## Task brief
The full set of lines below has to be duplicated exactly, with no picture kept.

** Opening Data block **

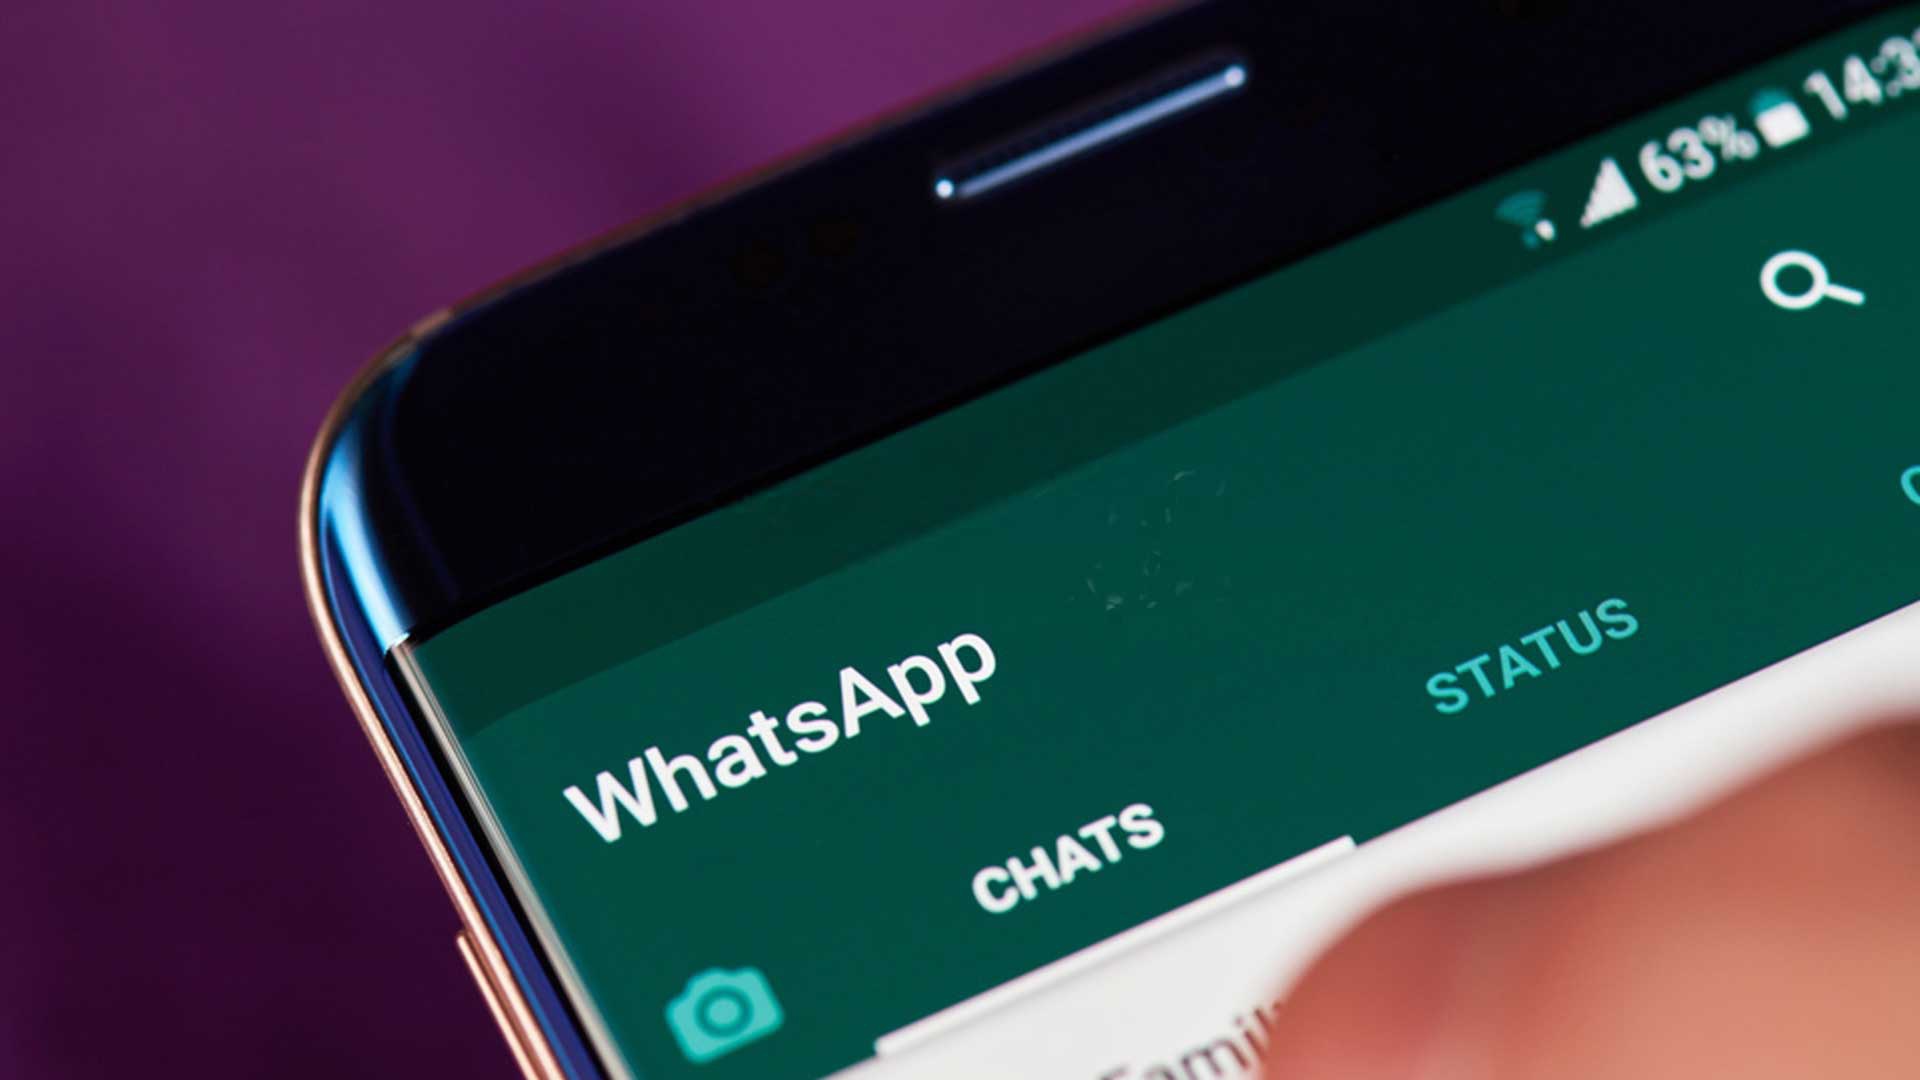 Procon-SP notifica WhatsApp por golpes que acontecem na plataforma
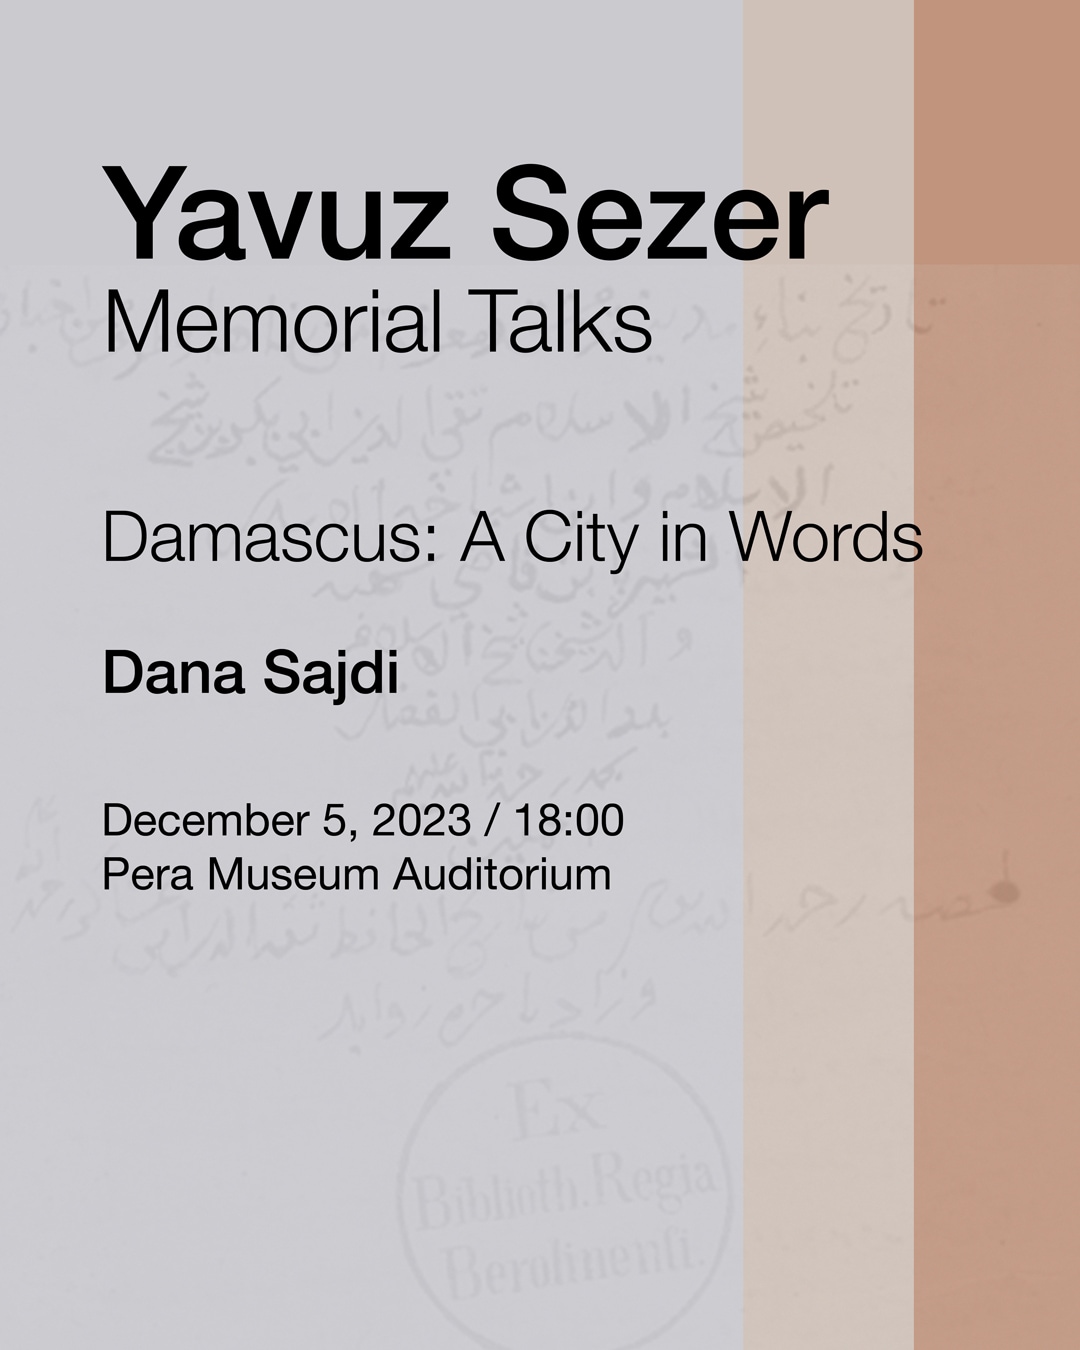 Yavuz Sezer Memorial Talks
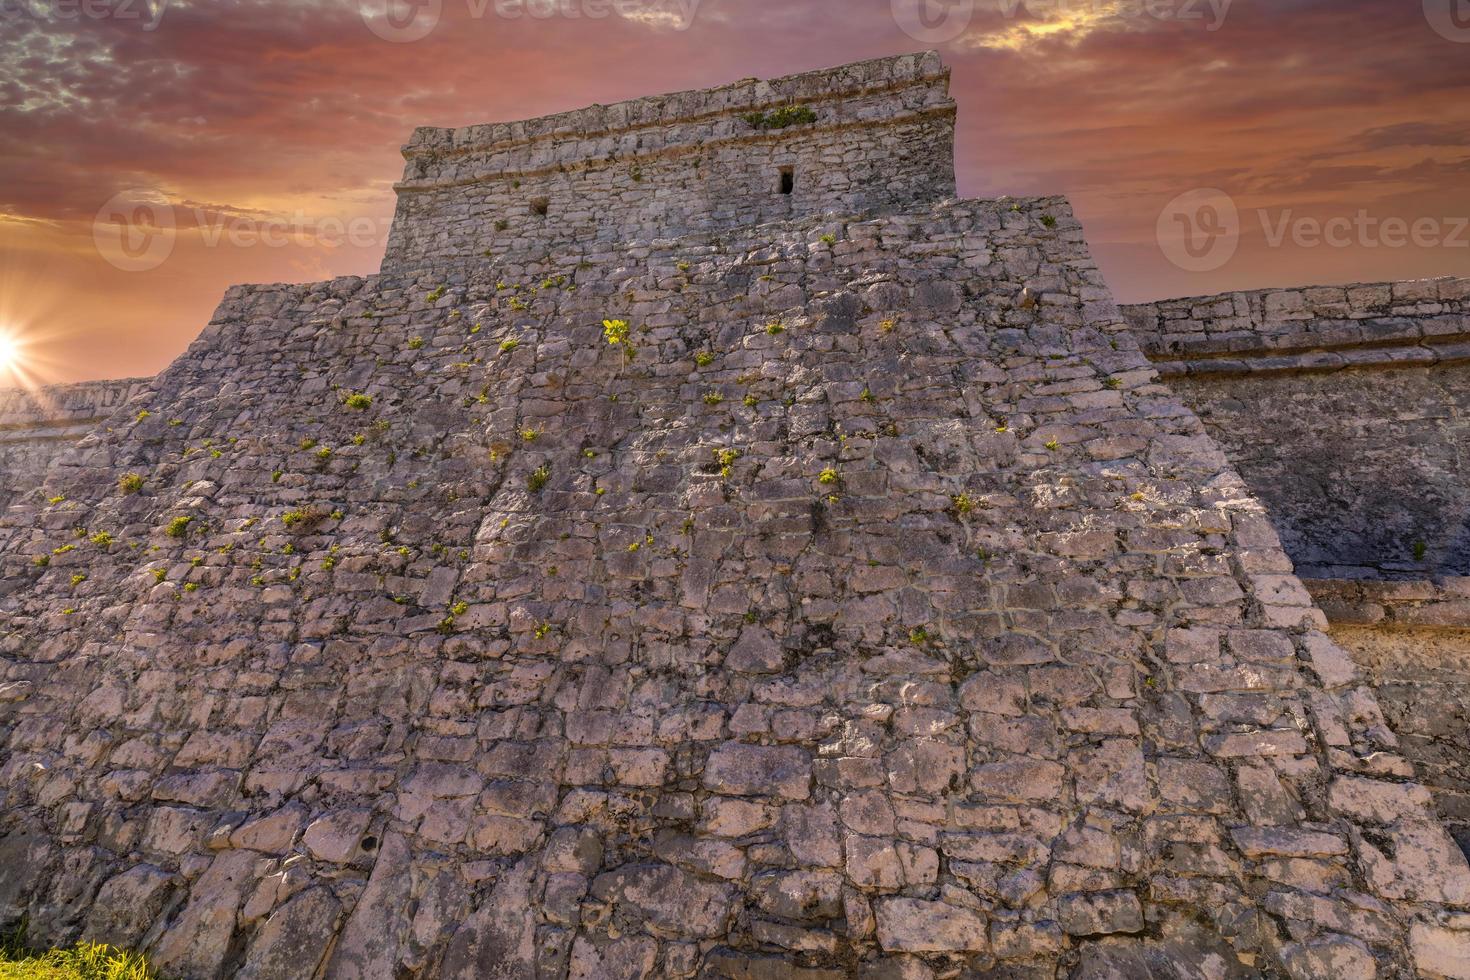 pirámide el castillo, el castillo, en la zona arqueológica de tulum con pirámides mayas y ruinas ubicadas en la pintoresca costa del océano de la provincia de quintana roo foto

** Closing Data block **

## Result of this task
 Procon-SP notifica WhatsApp por golpes que acontecem na plataforma
 Yavuz Sezer Memorial Talks
 pirámide el castillo, el castillo, en la zona arqueológica de tulum con pirámides mayas y ruinas ubicadas en la pintoresca costa del océano de la provincia de quintana roo foto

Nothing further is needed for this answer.